Asked why, Markham said: "Try and keep the curriculum alive. School should be the best party in town. Getting the children's voice in what activities we do and also having a great relationship with our school community.
"You've just got to keep the learning alive. You've got to keep those kids wanting to come to school. Obviously we have our lunch in schools as well which is a huge plus.
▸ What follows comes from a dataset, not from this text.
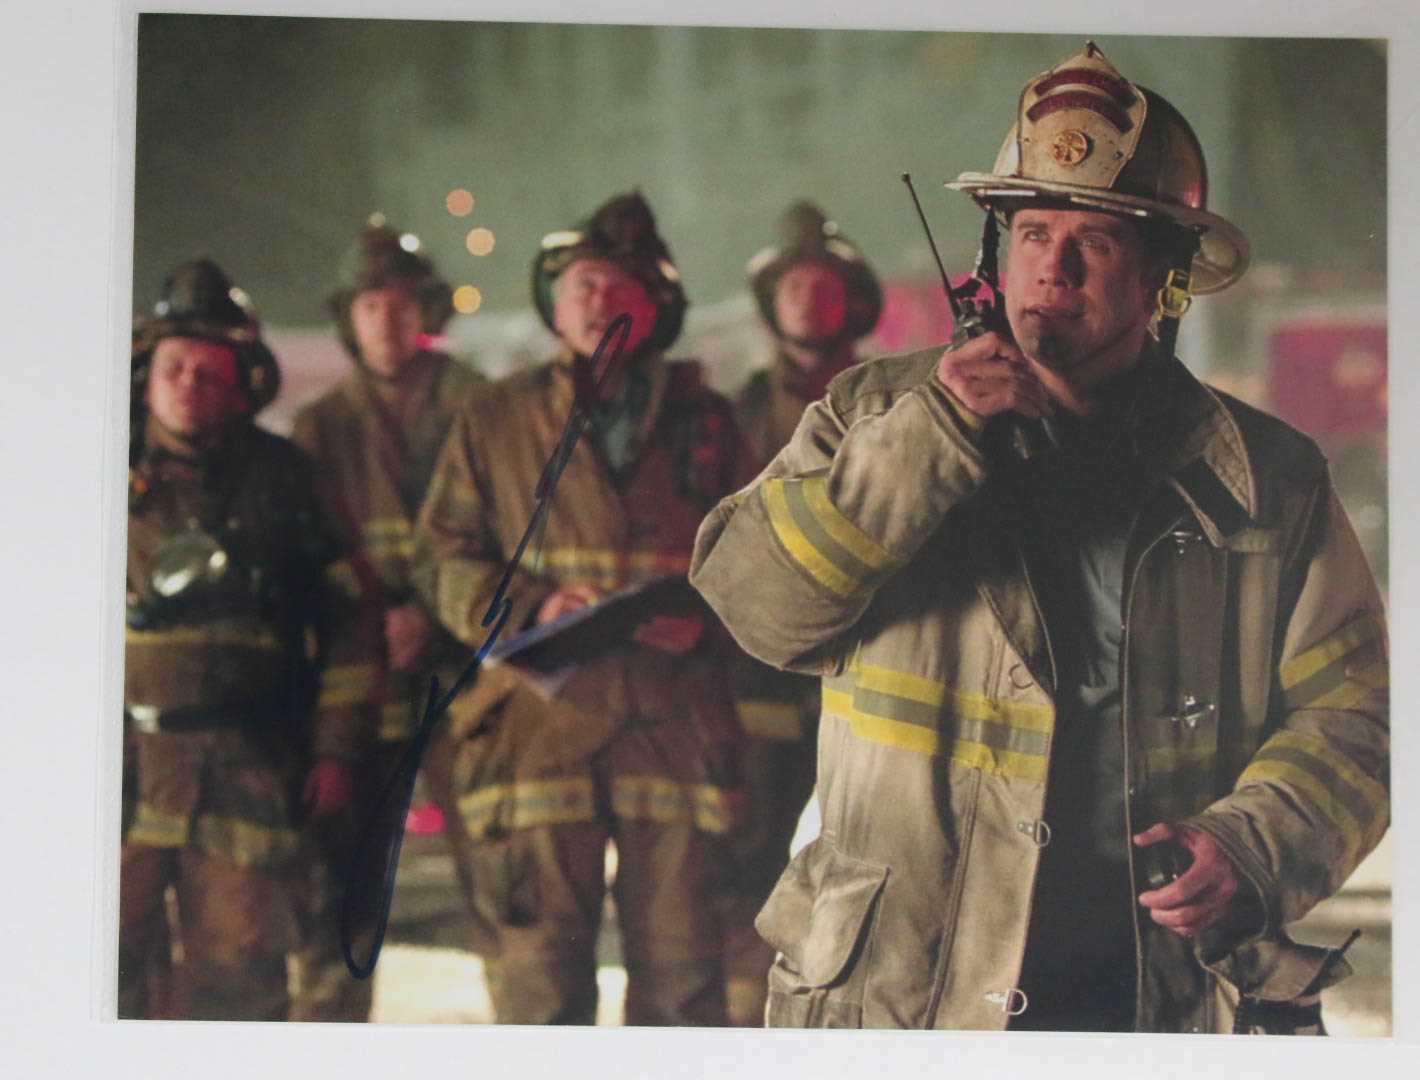 John Travolta Signed Autographed Quotladder 49quot Glossy 8x10

So anything we can do to make kids want to come to school is going to boost achievement and obviously attendance rates."
Darfield High School principal Andy England told RNZ the school's daily attendance was generally around 90 percent but it was not immune to the Friday dip.
"We would have families who might go away to the bach or go hunting, and that may sound flippant and it's certainly something we have to dig into in terms of the importance of turning up to school, but for some families that is the key thing that they value," he said.
"Forty-seven percent of respondents we had to a recent survey said school's important but they think time with family's important."
England said Monday's attendance was also lower than later in the week, especially for senior students, and that might be due to their weekend activities.
He said the school was studying its figures closely and had noted that students going off-site to trades academy classes on Fridays had attendance close to 100 percent.
England said changing families' attitudes would be difficult.
"We went through Covid and then went through a period of teacher strikes last year, both of those things are quoted by parents as indicating that it's maybe not quite as important to have their kids coming into school.
"I think some families have learnt that they quite enjoy having their own kids around home and actually in some cases the learning can be quite effective from home. So the issues are quite complex and I don't believe that just telling kids to get back to school is going to work."
England said the school was still trying to understand its community's attitude to attendance and truancy.
He said reminding parents of the effect of missed classes on their children's education was likely to be an effective approach.
"Letting them understand the fact that one day off per week is a year over 10 years, those kinds of statistics, and highlighting the impact of disengagement so when a child misses a lesson and it's part of a sequence, and they come back and they sit in the class and they don't really understand what their classmates are doing," he said.